Using the previous example, if we know the hash of [a,b,c] the next hash window is straightforward:

Hash#2 = (Hash#1 – 49*a ) * 7 + d

= (49a + 7b + c - 49a) * 7 + d

= (7b + c) * 7 + d

= 49b + 7c + d

The nice thing about it is it requires constant number of operations and does not depend on the size of the window.

**Pattern matching**

One of the (not too exciting) usages of the Rabin-Karp algorithm is pattern matching: finding a short string sample in a large text corpus. The reason it’s not too exciting because there are many other specifically text searching algorithms whose running time is generally better than Rabin-Karp (the latter runs in O(len(text) + len(pattern)) on average but worst case is O(len(text) * len(pattern)) when hash equality is too frequent).

**Variable file chunk size slicing**

However, the content-based file chunking is a very interesting application of the Rabin-Karp algorithm. Let’s see the following problem:

One’s got a large file which hash been modified at some location(s). Modification can be add/remove/replace. Check which sections of the file have been modified.

Original This is text. This will be removed. This will be modified. The end. |
Modified This is text. This has been modified. The end. |

If we create a fixed size window (10 bytes) to check the file then apart from the first window ('This is te') every other have been modified, even though it’s clear that this is not what happened.

However, we can say we are aiming to get a window size about 16 bytes. This means, that if we used a 4 bit counter we would want to create a new window when the bits are all zeroes after incrementing it:

0000 – Window start

0001

…

1111

0000 – New window start

We can do exactly the same with Rabin-Karp rolling hash: start a new window when the bits of the hash are all zeroes!

If we are aiming for a ~8k window size, we’d need to use the lowest 13 bits of the hash to decide when to start a new window. This method gives very reasonable window sizes (tested on a ~300mb binary installer file):

Min window: 1

Max window: 81287

Average window: 8132

Median window: 5658

With this method, even if some parts of the file were modified, these modifications can only affect the current and potentially the next window, the rest would be identical slices.

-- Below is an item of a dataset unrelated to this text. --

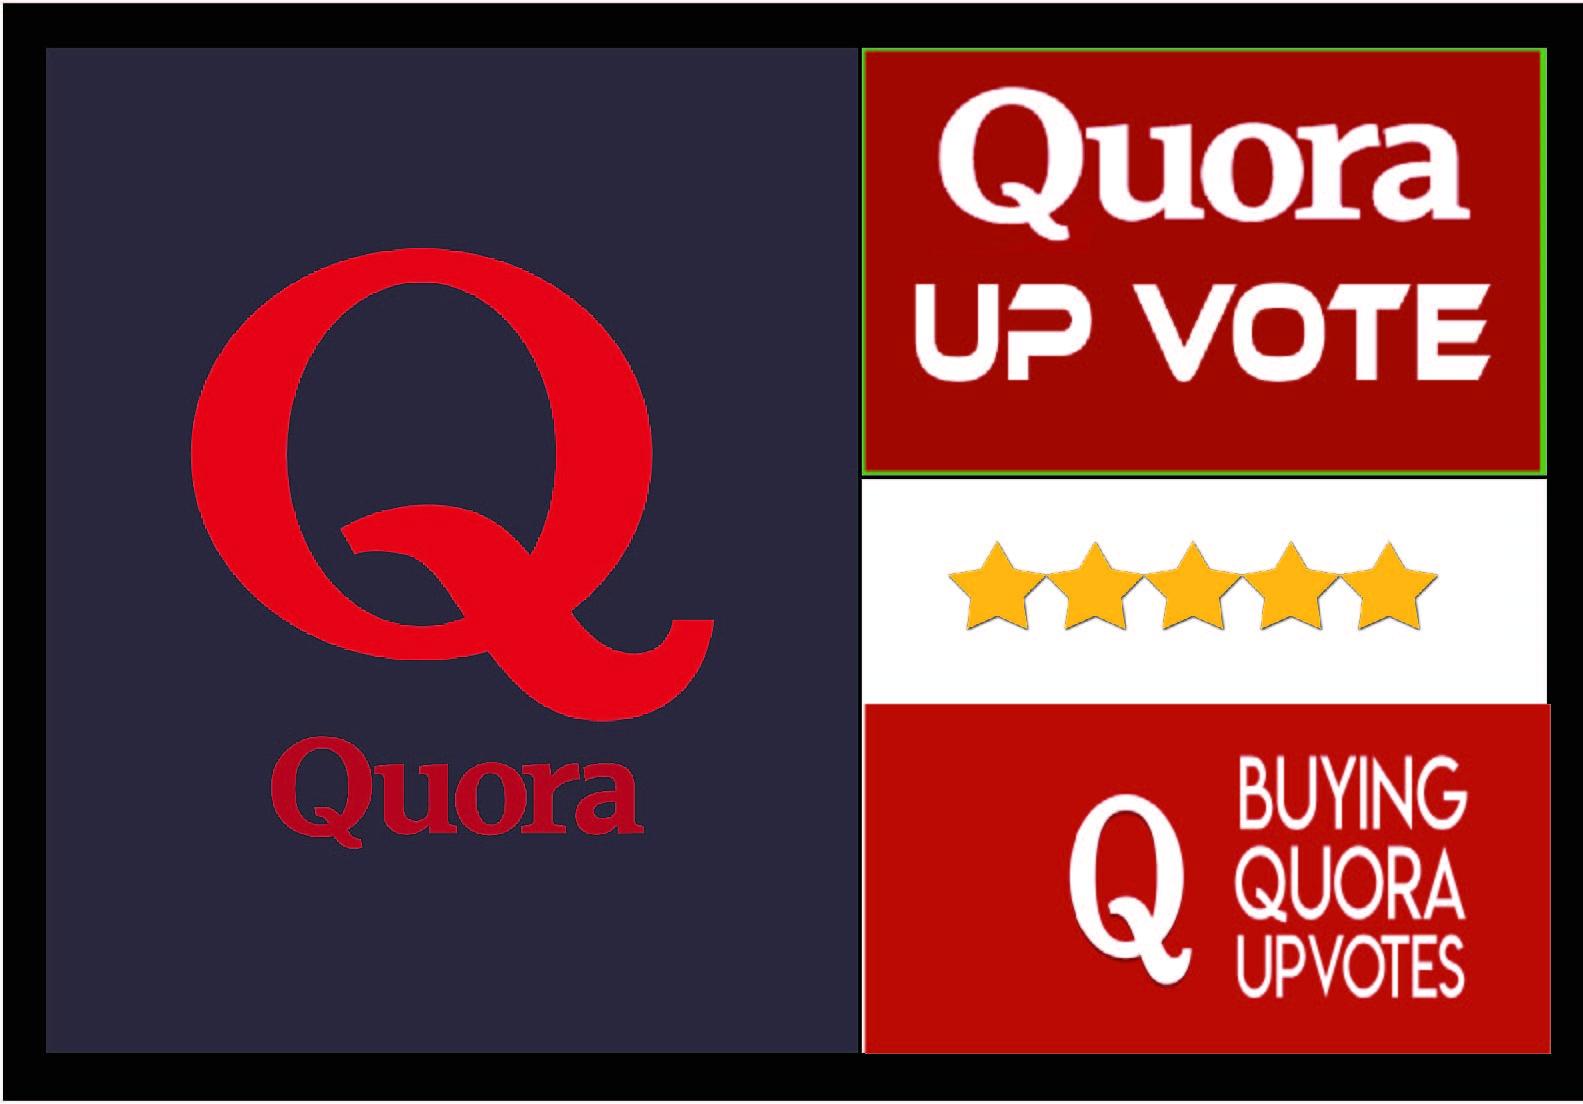 Buy 20+ quora up-votes usa, uk worldwide.

So, we have a lot of reasonable sized chunks of a file. How to compare them to the original windows? The trivial answer would be to use byte-by-byte comparison but that is way too expensive. Simple hashing can be used to compare the content.

**Comparison by hashing**

Generally it’s very natural to say that just because of two hash values are the same it does not mean that the original values are the same too. Mathematically this is perfectly correct, although in practice most of the large hash outputs (128+ bits) are so unique that it is safe to assume that if the hash is the same, the original value was the same too.

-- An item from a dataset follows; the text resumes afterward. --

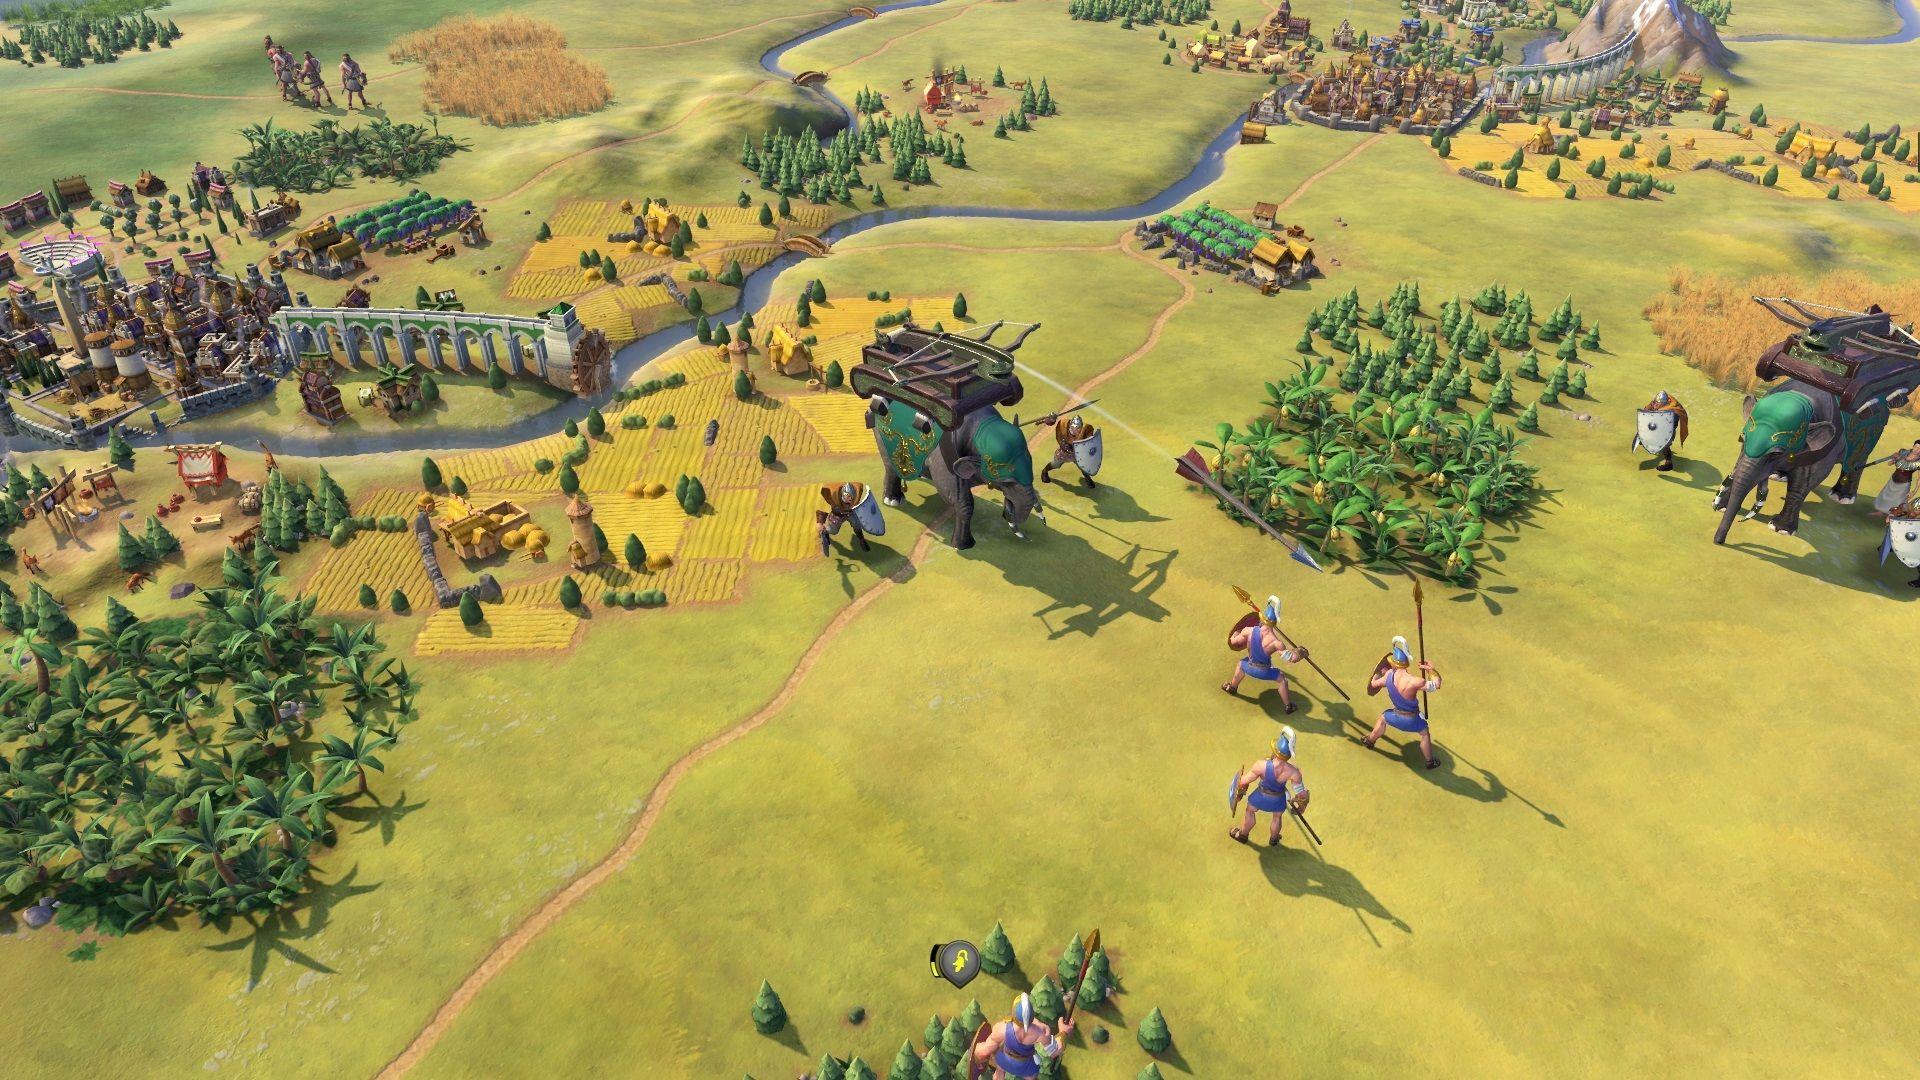 2KGMKT_CivilizationVI_Game-Image_DLC6_Domrey2_1.jpg

Google published a memory hardware error study in 2009 and they found that memory error rate is very common - much more than I'd think. The uncorrectable error rate (when the content of the memory corrupts irreversibly) is quite frequent too:

*"…while uncorrectable errors are less common than correctable errors, they*

*do happen at a signiﬁcant rate. Across the entire ﬂeet, 1.3% of machines are affected by uncorrectable errors per year, with some platforms seeing as many as 2-4% affected…"*

Adding up all kind of hardware errors it is safe to say that SHA-1 (160 bit) or SHA-2 (224+ bit) are magnitudes less likely to cause collision than a hardware error happing so it is safe and sufficient to compare the hash values of these chunks, no need to compare the contents byte-by-byte.

**Sample implementation**

Below is a very simple Java implementation of the Rabin-Karp hash based chunking, producing ~8k chunk sizes (t

*he code is not optimized!*). Look out for the 3 key points:

get the 13 bit mask: int mask = 1 << 13; mask--;

get the initial 1024 bytes hash: int hash = inithash(1024);

calculate the next hash from the input stream: hash = nexthash(hash);

check the lowest 13 bits are all zeroes: if ((hash & mask) == 0)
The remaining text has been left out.